To market, to market
Aside from tourism – Foula’s seabird population means
it draws a few hundred bird-watchers each summer – the
main industry here is crofting, or small-scale farming,
mainly with sheep.
But unlike many other crofting communities, getting
these sheep to market involves a journey over the
North Atlantic. The twin-prop plane that flies here
from Mainland isn’t exactly conducive to moving
livestock. Instead, the animals (along with anything
else particularly bulky) have to go by boat, like
these lambs heading off to be sold for their
wool and meat.
Born to be wild
Because the island is so small, and because everyone
knows each other, many of the animals roam free.
Mitchell was taking a picture from the side of the
road when he saw these Shetland ponies. “I could
see these ponies in the distance, running down the
road – and they all started grouping together,” he said.
“That’s how you come across pictures in a story like
this. Things just start to happen.”
Like the sheep, the ponies rarely live their lives out on
Foula; instead, as a popular breed both for showing
and for riding, they tend to be sold elsewhere.
Chance meeting
Crofter Eric Ibister, 78, grew up on Foula. He’s left the
island only twice – and one of those two times was
for his own birth. Initially Mitchell was going to be
introduced to Eric by another islander. But Mitchell
wound up driving past Ibister’s house and saw him
feeding his cow, Daisy, and goat, Dixy, outside.
On a whim, Mitchell stopped to say hello and ask
if he could snap a few photographs.
To his surprise, Ibister was effusive, telling him to
come right inside – even though people had told
Mitchell not to “spring” on him. In retrospect,
Mitchell said, laughing, “we think it was mistaken
identity... His eyesight’s not the best.”
Mitchell was staying with another local who Ibister
knew well. The two were about the same height,
wore a similar flat cap and Mitchell had borrowed
his car. “But once I was in, we got to chatting,”

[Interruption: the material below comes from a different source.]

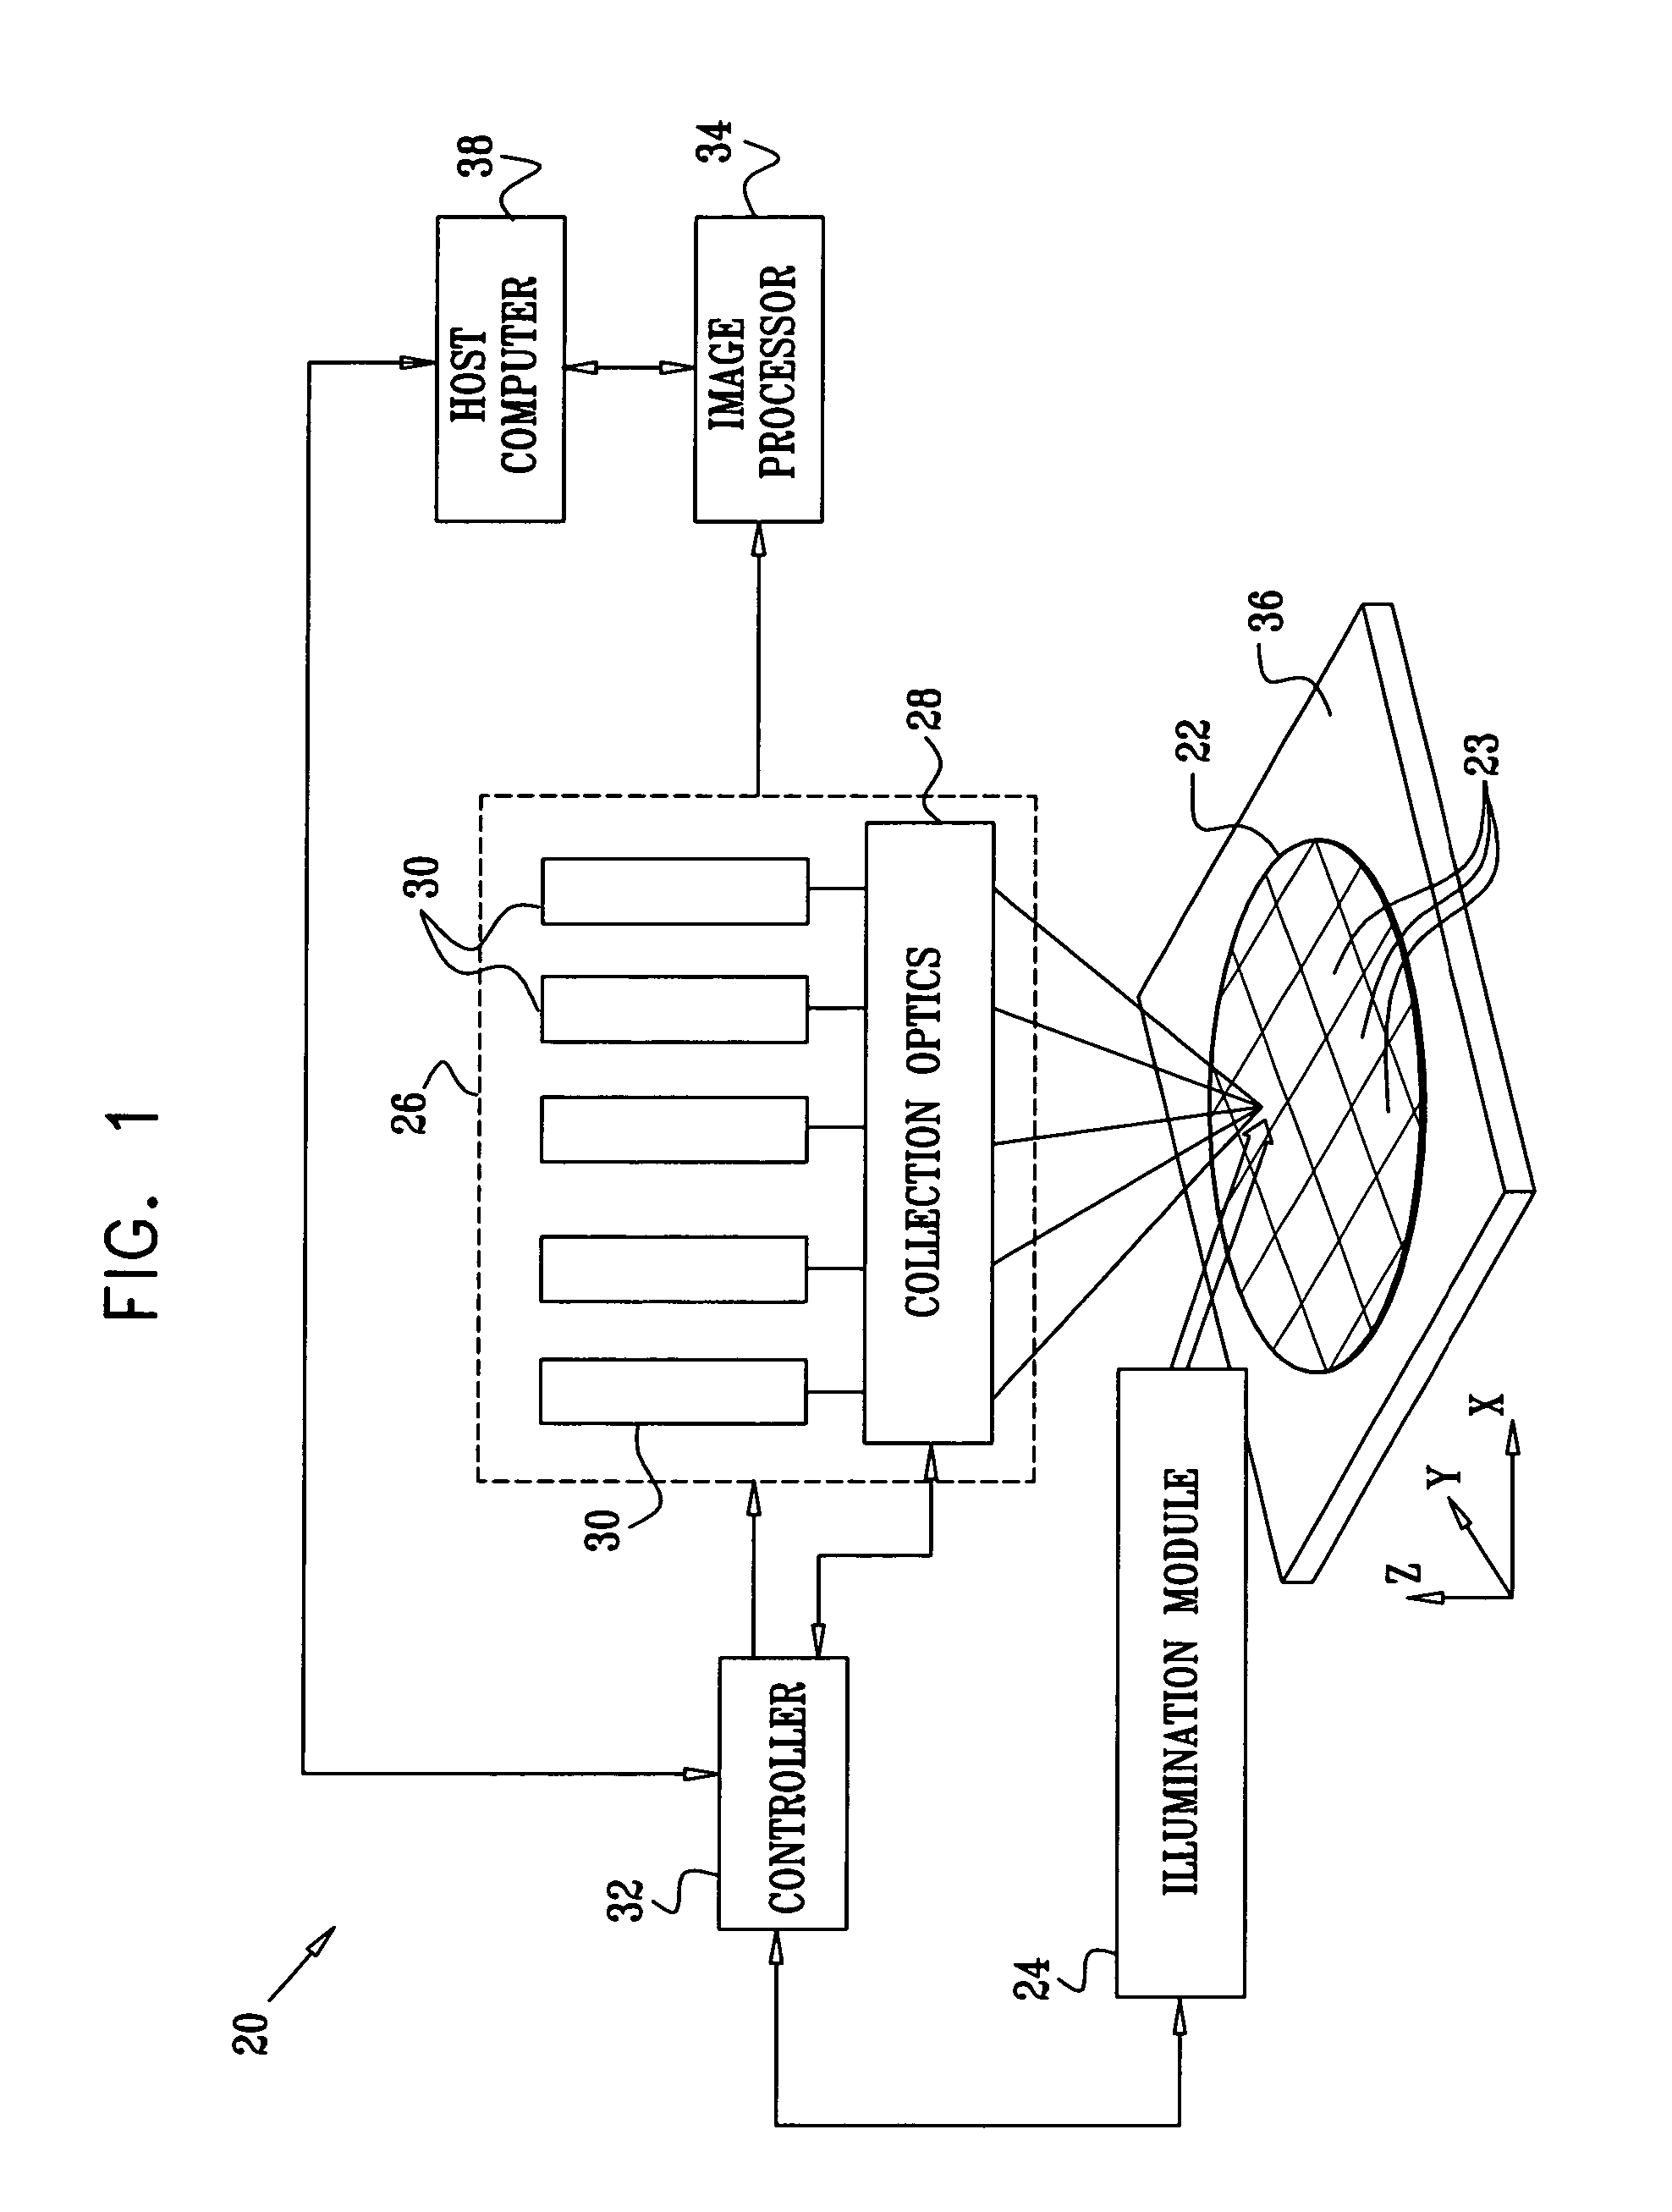 Optical inspection with alternating configurations

Mitchell said, adding that the crofter very quickly
realised Mitchell was not, in fact, the islander he
knew. “I was there for 1.5 hours.”
Into the past
“His house is like stepping back in time. It’s really
like what an old croft house would have looked like,
” Mitchell said of Ibister’s home. Along with plenty of
old books and vinyl records, the crofter also has a
cast-iron stove in the middle of the living room, both
for cooking and for warming up the house during
winter, when temperatures can drop below freezing.
Peaceful paradox
Most visitors to Foula worry that they’ll get stuck
there because of the weather. And thanks to the
frequency of storms, that’s a common occurrence.

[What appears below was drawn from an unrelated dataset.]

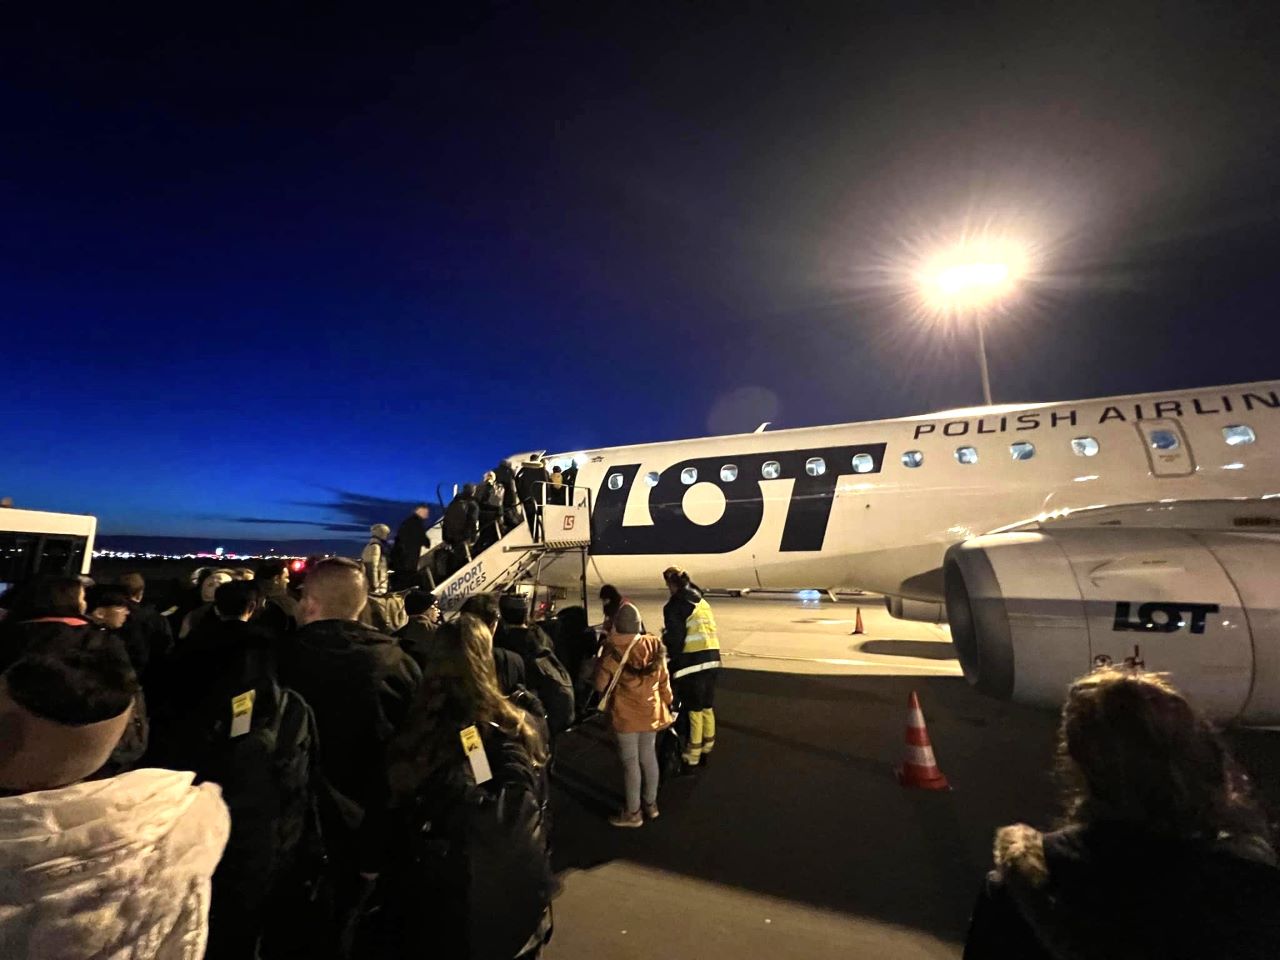 Lot Polish Airlines Airplane

But, perhaps surprisingly, this is one reason why
Taylor loves living on the island. “The best part of
it is when you know you’re cut off, and that there’s
not going to be any transport, and you know
everybody on the island,” he said. “It’s very rare
you’re going to come up against any types of
emergencies, any problems. It’s very relaxing.”
That’s the paradox of a place like Foula. It may
be far from the institutions most communities depend
on, like hospitals or police. But that very distance
makes for a self-sustaining community – one where
residents have the peace of mind that can only come
from confidence in being able to survive on your own.